Где же он? Желудок болезненно сжался, азарт вмиг сменился отчаянием. Стекло нагрелось под ладонями, пока Элис обводила взглядом картину внизу: алые и кремовые розы, лепестки блестят, как начищенные; бесценные персики льнут к стене крытого сада; длинное серебристое озеро сверкает под утренним солнцем. Поместье убрали, украсили и довели почти до невыносимого совершенства, тем не менее повсюду царила суета.

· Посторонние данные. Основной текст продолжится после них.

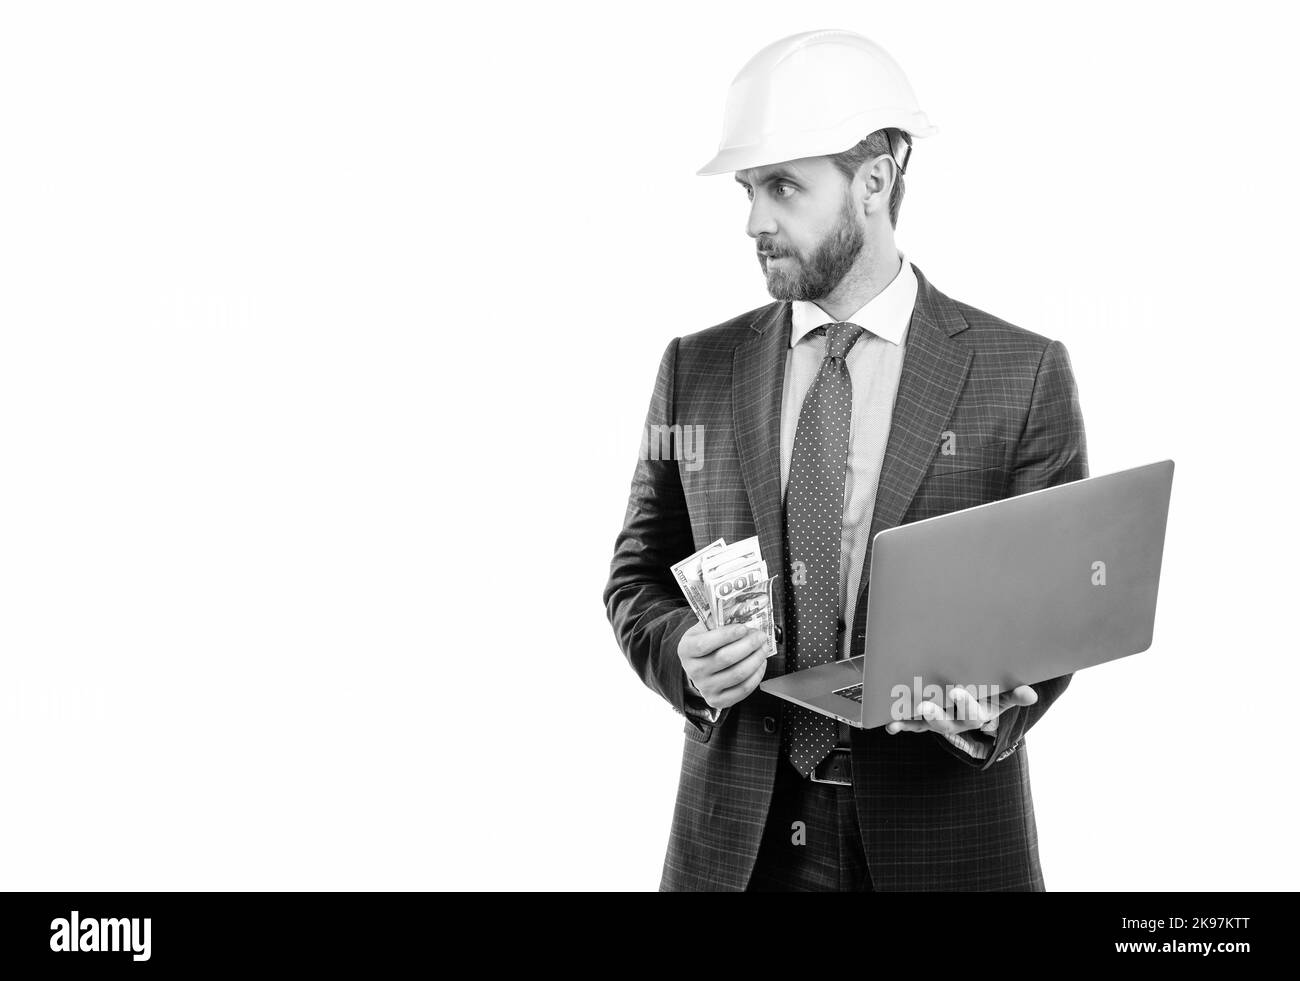 Homme ingénieur professionnel en casque et costume tenir l'argent et l'ordinateur portable, coût de travail Banque D'Images

Нанятые музыканты расставляли позолоченные стулья на временной эстраде, фургоны поставщиков по очереди вздымали пыль на подъездной аллее, теплый летний ветерок раздувал полотнище наполовину установленного шатра. Единственным островком спокойствия среди всеобщей суматохи была бабуля Дешиль, маленькая и сгорбленная; погрузившись в туман воспоминаний, она сидела на чугунной садовой скамейке у библиотеки и не обращала ни малейшего внимания на то, как вокруг нее развешивают на деревьях круглые стеклянные фонари.
Вдруг у Элис перехватило дыхание.
Вон же он!
Невольная улыбка расплылась по ее лицу. Какой восторг, какая искрящаяся радость разглядеть на островке посреди озера его с огромным бревном на плече! Повинуясь порыву, Элис помахала рукой. Глупо, конечно, он даже не смотрел в сторону дома. А если бы и смотрел, то не помахал бы в ответ. Они оба понимали, что надо проявлять осторожность.
Элис рассеянно затеребила прядь волос, вечно выбивающуюся над ухом. Ей нравилось вот так, тайком, наблюдать за молодым человеком. В эти минуты Элис ощущала свою силу, не то что с ним рядом, когда она приносила ему в сад лимонад, или когда ухитрялась улизнуть из дома, чтобы неожиданно наведаться в отдаленные уголки поместья, где он работал, или когда он расспрашивал о книге, семье и делах, а она рассказывала ему истории, смешила и старалась не утонуть в глубине зеленых с золотистыми крапинками глаз.
Под ее взглядом он наклонился, замер, удерживая на плече тяжелое бревно, потом осторожно положил его поверх остальных. Хорошо, что он сильный!.. В глубине души Элис чувствовала, как это важно, хотя и не знала почему. Щеки у нее горели, она раскраснелась.
Элис Эдевейн доводилось общаться с молодыми людьми. Правда, не часто – ее родители вели довольно замкнутый образ жизни, предпочитая общество друг друга, и только раз в году, в канун Иванова дня, традиционно устраивали грандиозный праздник. Тем не менее порой Элис украдкой обменивалась парой слов с деревенскими парнями или сыновьями арендаторов, когда те, сняв шапки и опустив глаза, ходили за своими отцами по поместью. Однако сейчас… сейчас было совершенно по-другому, и каким бы ошеломительным или ужасно похожим на сантименты старшей сестры Деборы ни казалось это чувство, оно существовало, и все тут.
Его звали Бенджамин Мунро. Элис беззвучно произнесла имя по слогам. Бенджамин Джеймс Мунро, двадцати шести лет, до недавнего времени жил в Лондоне. Родственников не осталось, трудяга, не склонен к пустой болтовне. Родился в Суссексе в семье археологов, вырос в Юго-Восточной Азии. Любит зеленый чай, запах жасмина и знойные дни, которые заканчиваются грозой.